Each section of the garden has its own colors, its own textures, its own needs -- yet at a glance it must come together as a whole. Each plant has its own character and no amount of my forcing will let it be anything other than itself. There is time to reflect, to create. I find myself inspired by the dirt under my nails, the sun on my back and the almost constant whirring sound of the hummingbirds that have arrived to inspect the new flowering plants I have added especially for them. The air is redolent with orange blossoms, tombstone roses and compost. And when I focus too long on small part, I look up to see the spears of green in the canopy of the newly trimmed mesquite tree that sprawls over most of the backyard.
Front and back of this little house are very different. The front is open to the sun and the Mexican poppies here have taken it over in a fiery blaze. I have a narrow planter on side in which I planted a cactus garden that has begun to bloom and will over the next two months.
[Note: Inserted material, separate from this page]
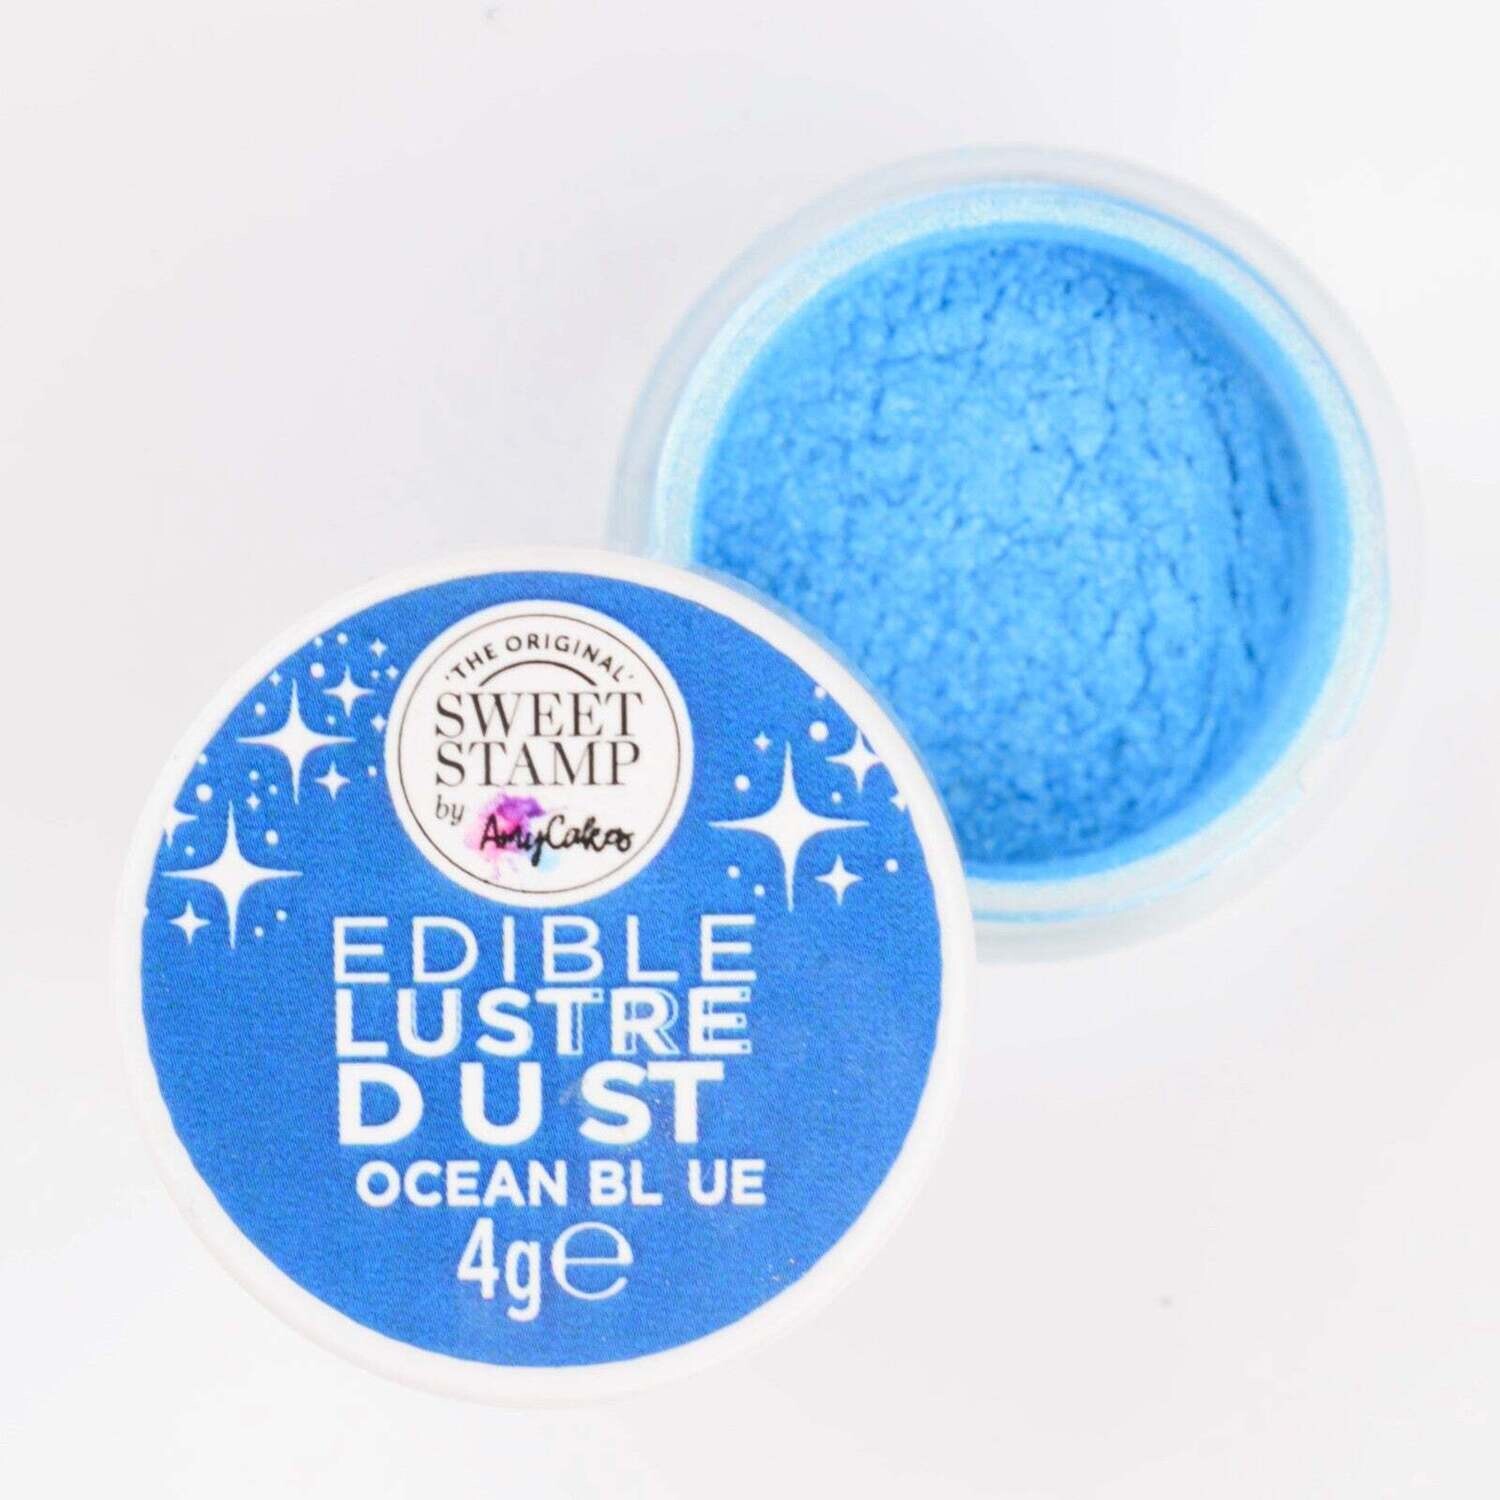 Sweet Stamp Edible Lustre Dust -OCEAN BLUE - Βρώσιμη σκόνη γυαλιστερή Μπλε 4g

The back of the house is like a secret garden. The mesquite looms over everything, the patio roof is buried beneath a huge coverlet of tombstone roses and I have planted many new sections with different flowers -- some for butterfly, some for hummingbirds. There is a night blooming cereus cactus that drapes itself over the trunk and branches of the tree and when it blooms will attract the bats and the luna moths.
So am I working on my novel. Really. The garden restores, and stories happen.